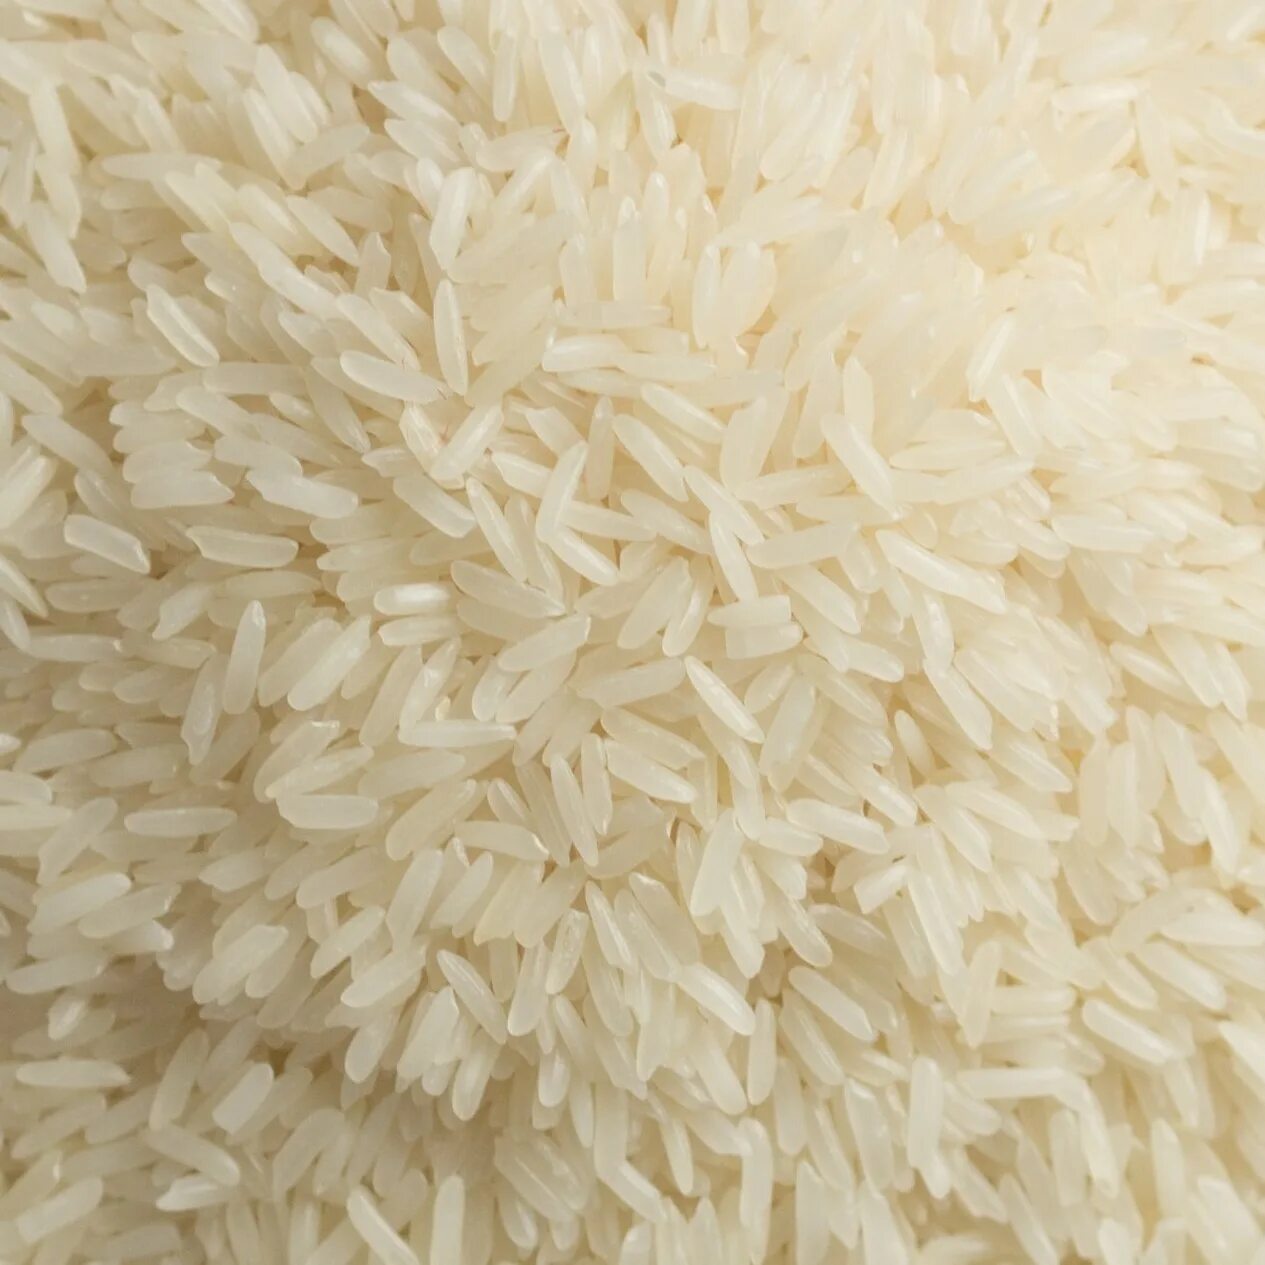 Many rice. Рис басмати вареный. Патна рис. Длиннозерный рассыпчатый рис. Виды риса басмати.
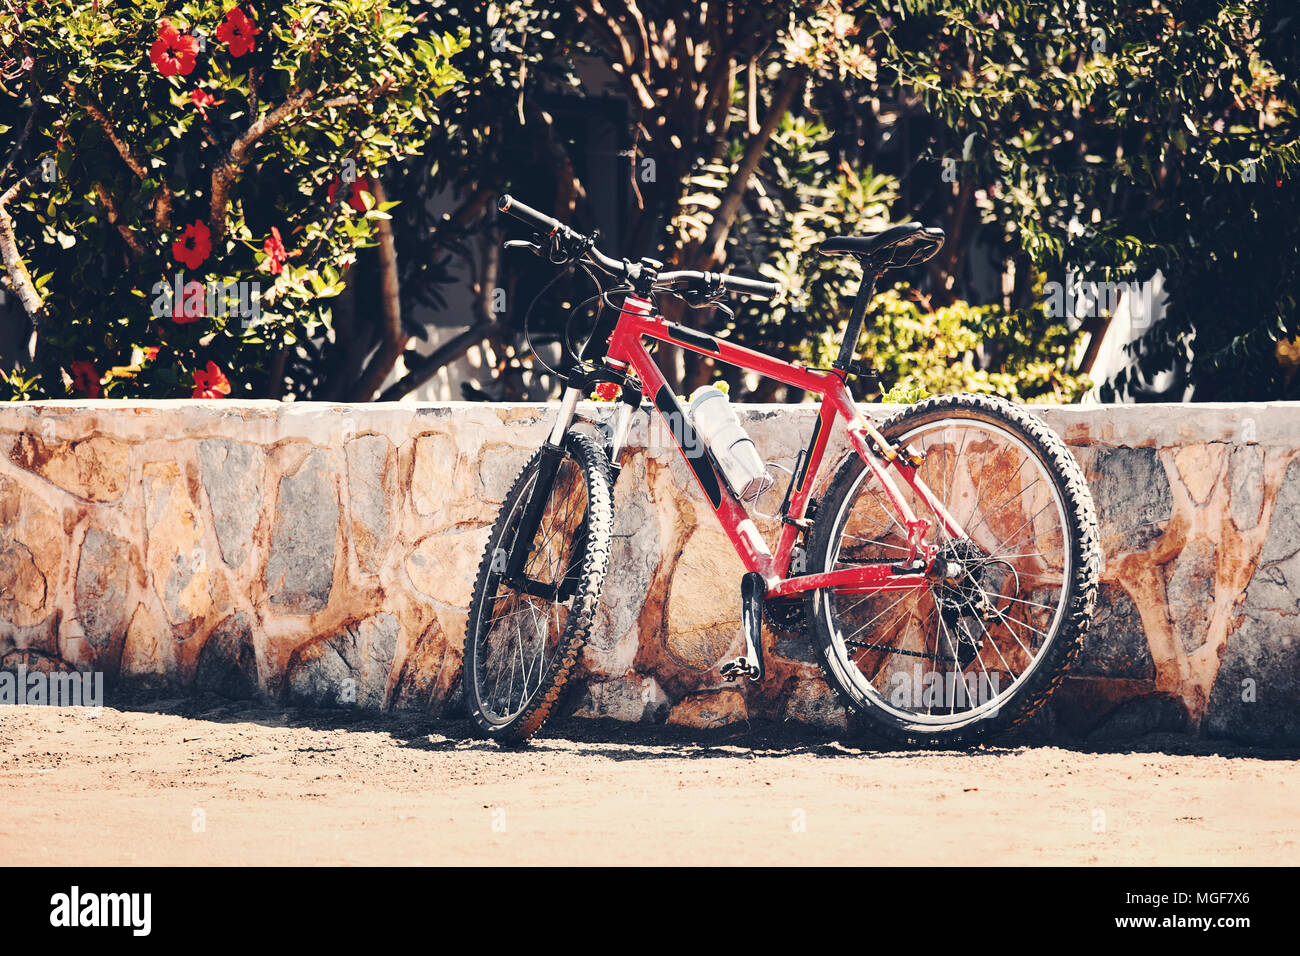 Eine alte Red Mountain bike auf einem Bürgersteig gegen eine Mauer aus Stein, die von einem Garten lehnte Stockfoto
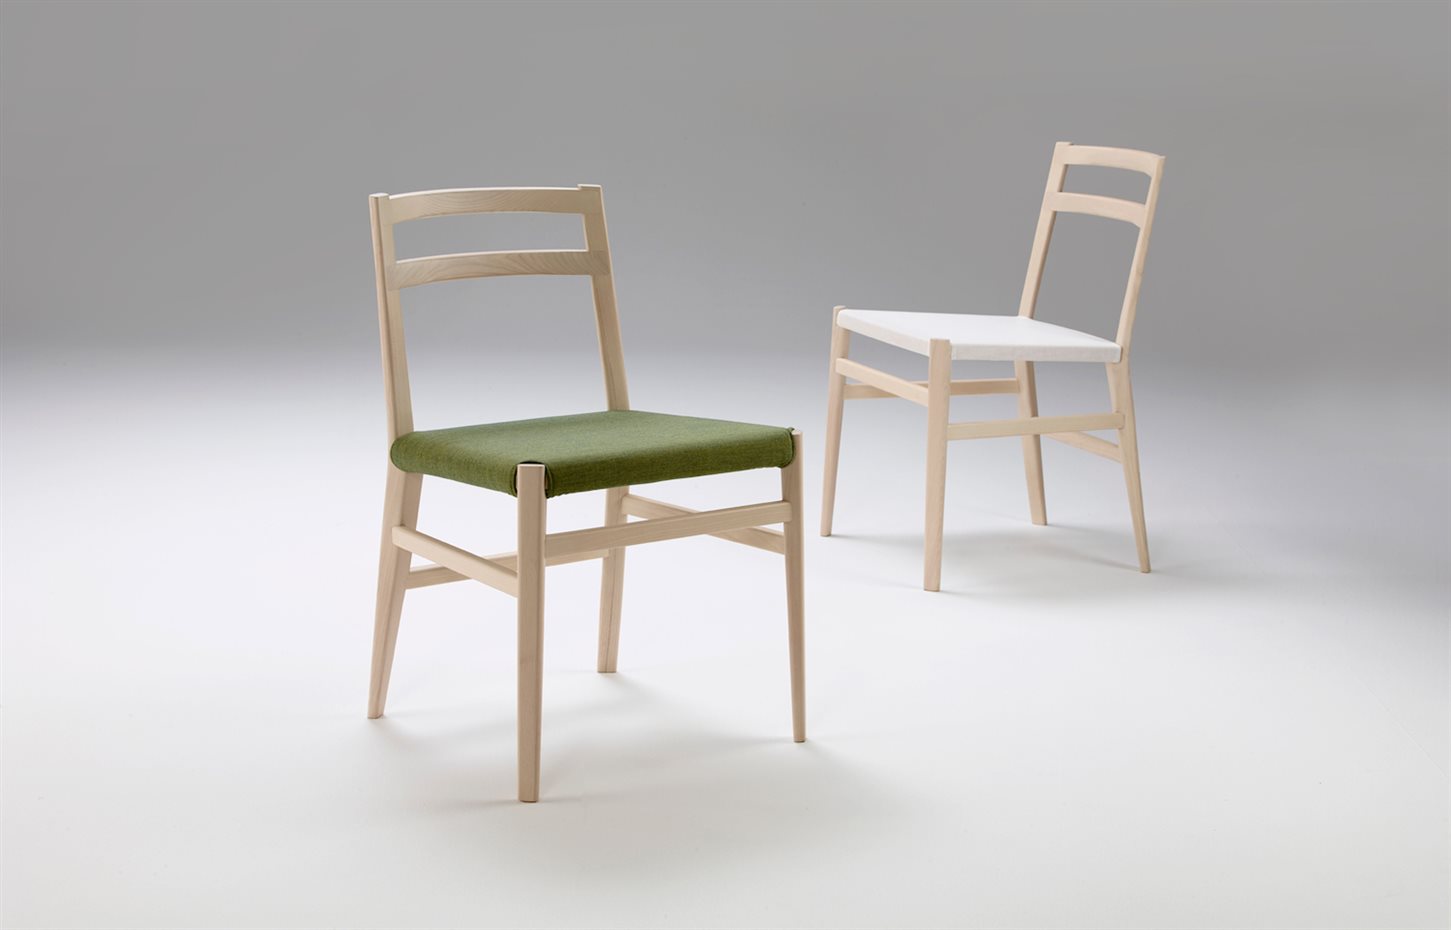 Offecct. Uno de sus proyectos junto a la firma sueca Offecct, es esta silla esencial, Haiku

● **Brief**
Repeat the data exactly, excluding the pictures.

● **Answer box**
 Many rice. Рис басмати вареный. Патна рис. Длиннозерный рассыпчатый рис. Виды риса басмати.
 Eine alte Red Mountain bike auf einem Bürgersteig gegen eine Mauer aus Stein, die von einem Garten lehnte Stockfoto
 Offecct. Uno de sus proyectos junto a la firma sueca Offecct, es esta silla esencial, Haiku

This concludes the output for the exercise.